BRIEF -> Restate the listing word for word; omit the images.

GIVEN INFORMATION ->
[Start of Attachment]

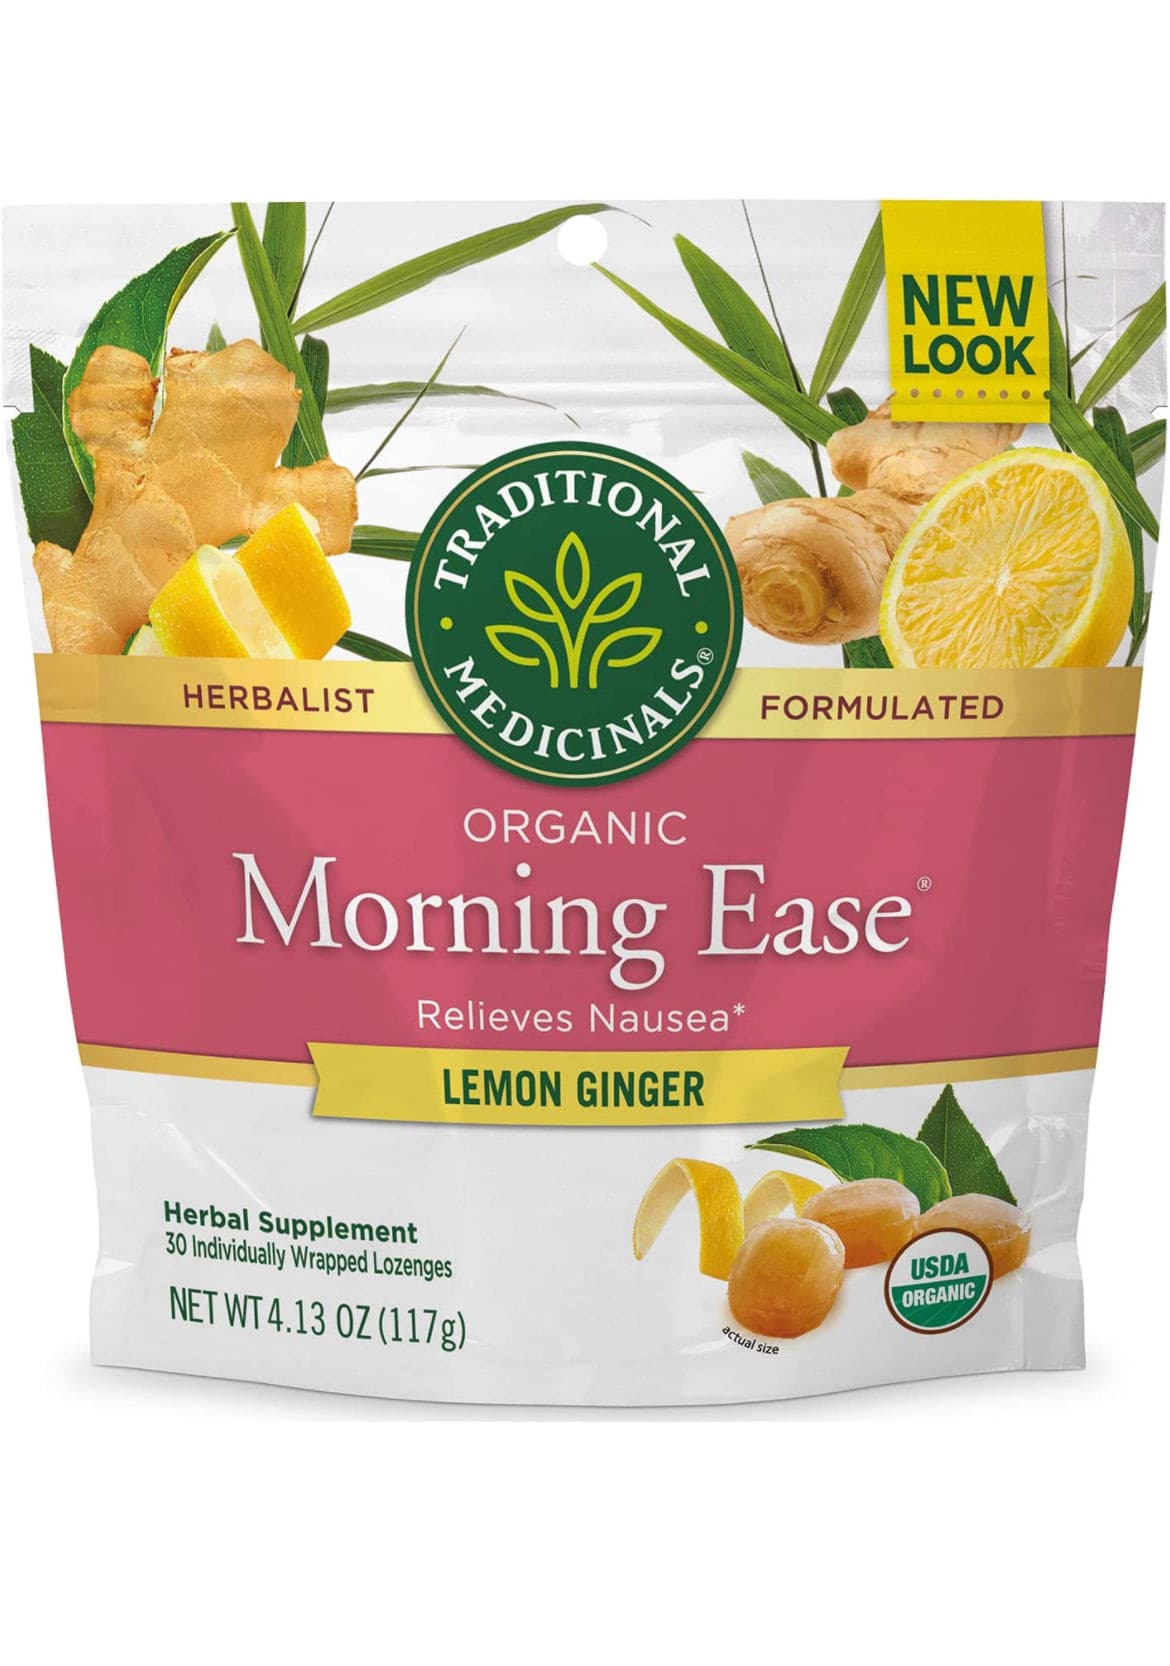 Traditional Medicinals Organic Morning Ease Anti-Nausea Lozenges, Relieves Morning Sickness Associated with Pregnancy, Lemon Ginger (30 count).
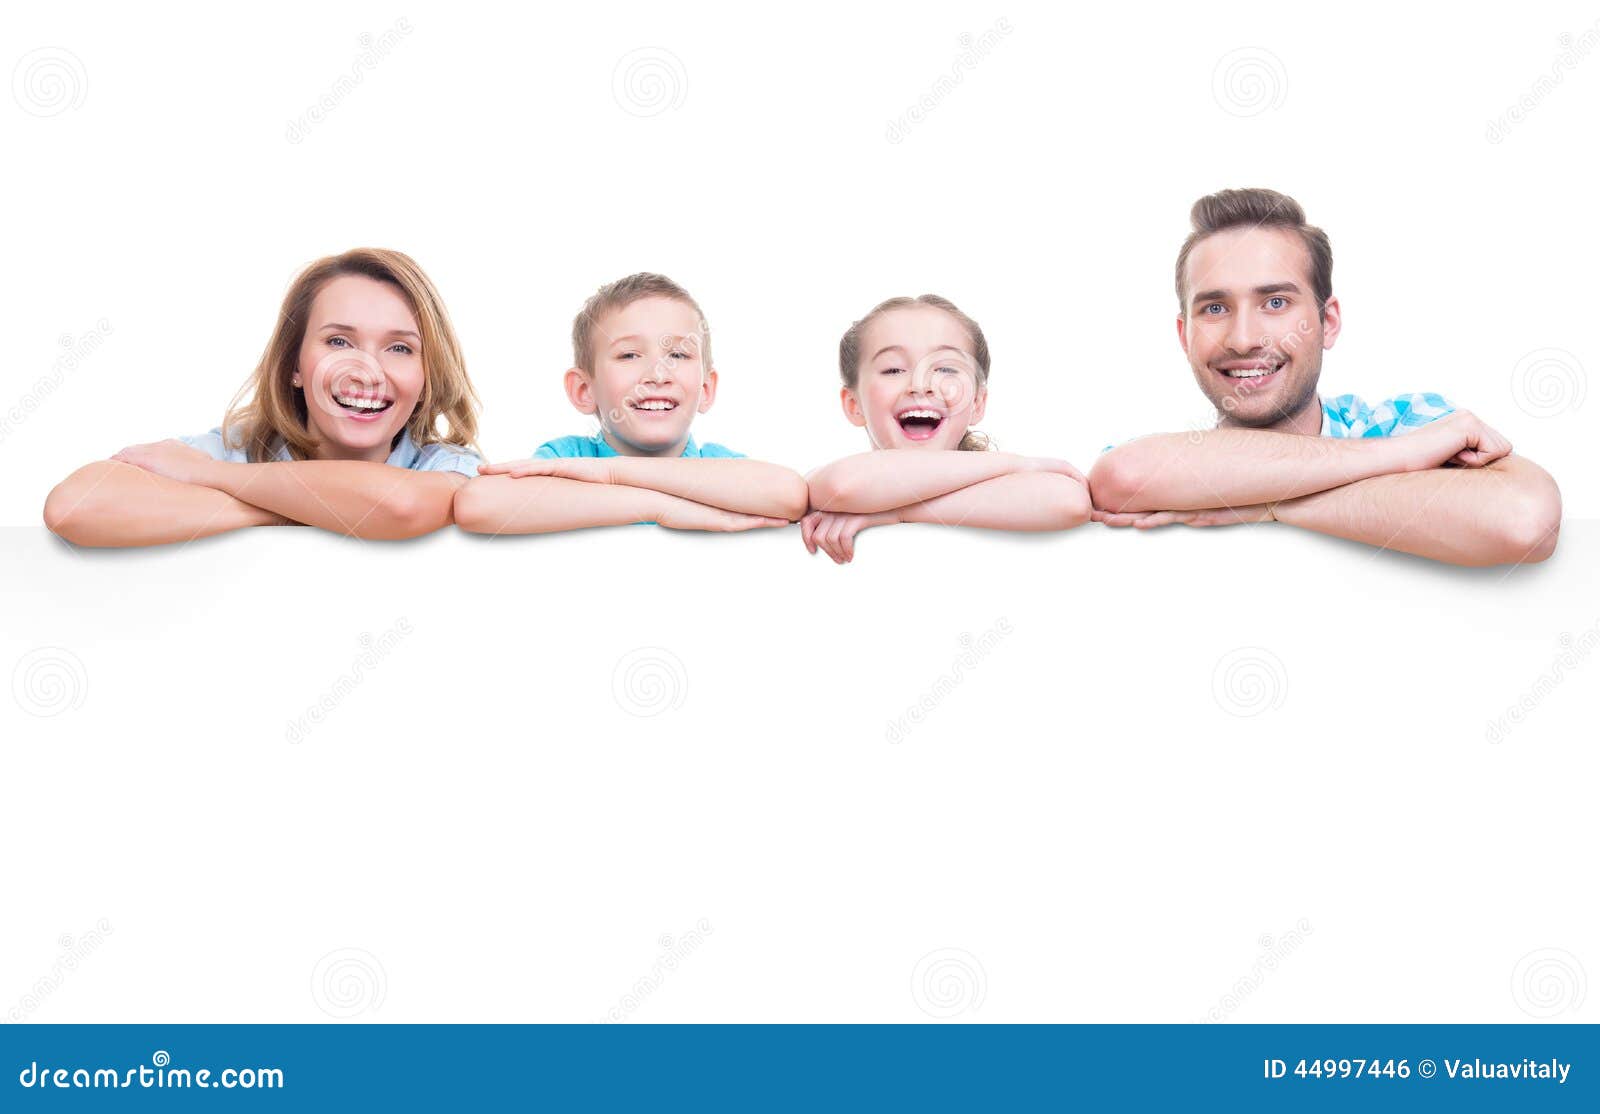 family-banner-young-isolated-white-background-44997446.jpg
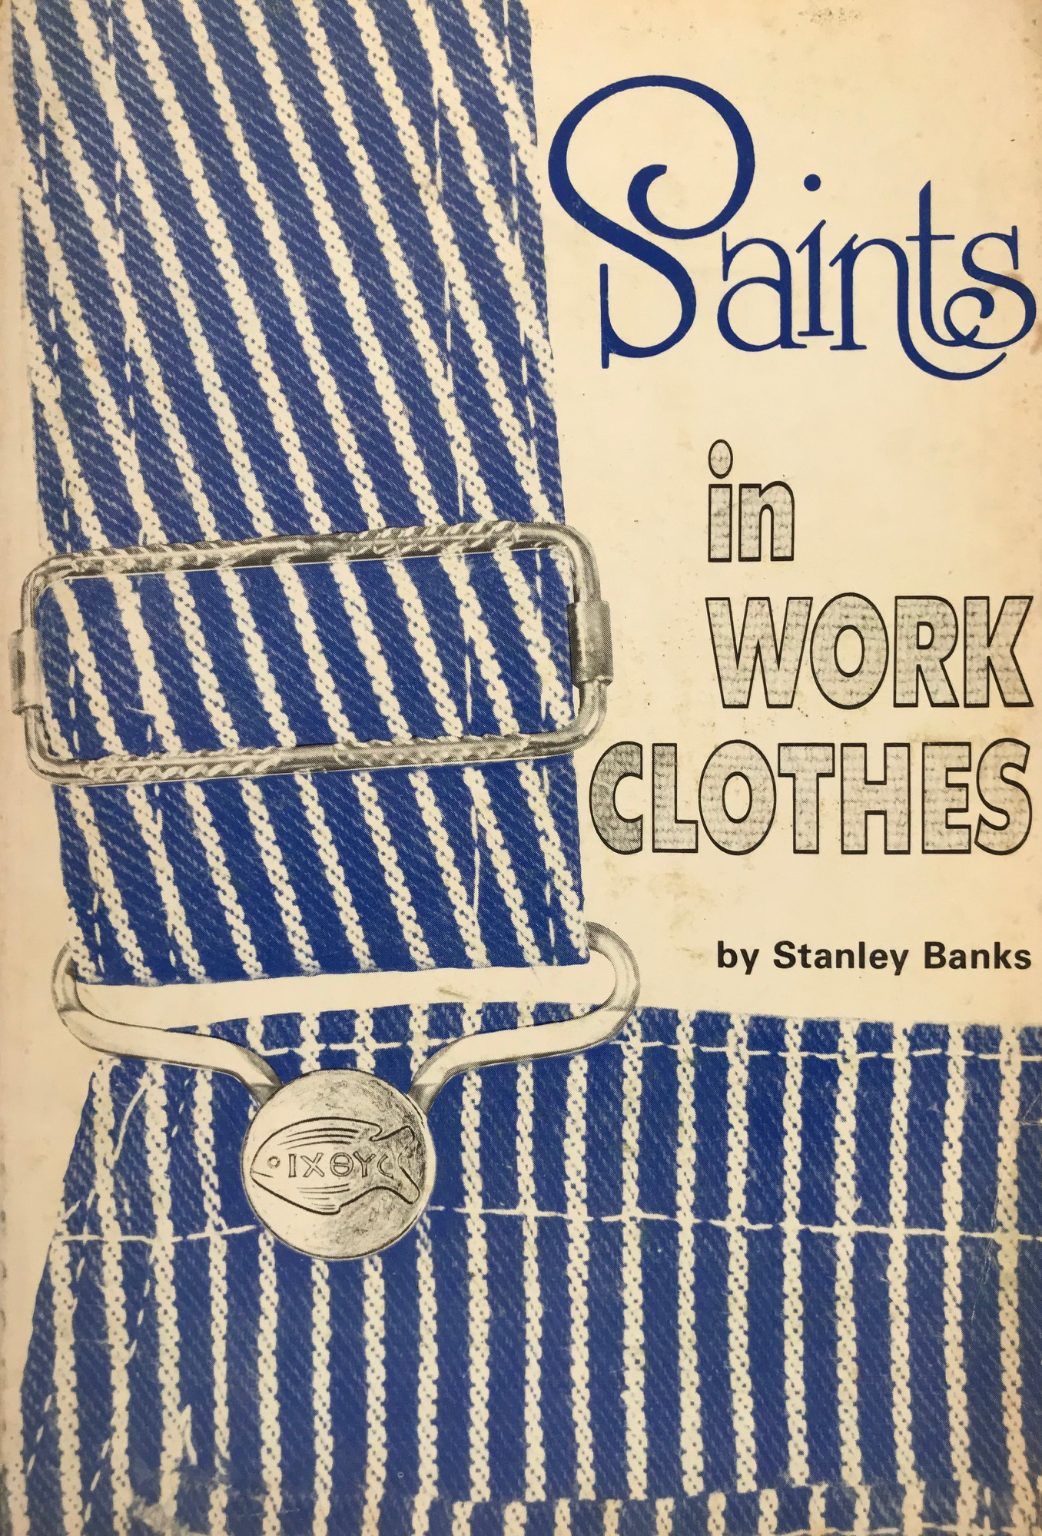 SAINTS IN WORK CLOTHES

[End of Attachment]

EXERCISE RESULT ->
 Traditional Medicinals Organic Morning Ease Anti-Nausea Lozenges, Relieves Morning Sickness Associated with Pregnancy, Lemon Ginger (30 count).
 family-banner-young-isolated-white-background-44997446.jpg
 SAINTS IN WORK CLOTHES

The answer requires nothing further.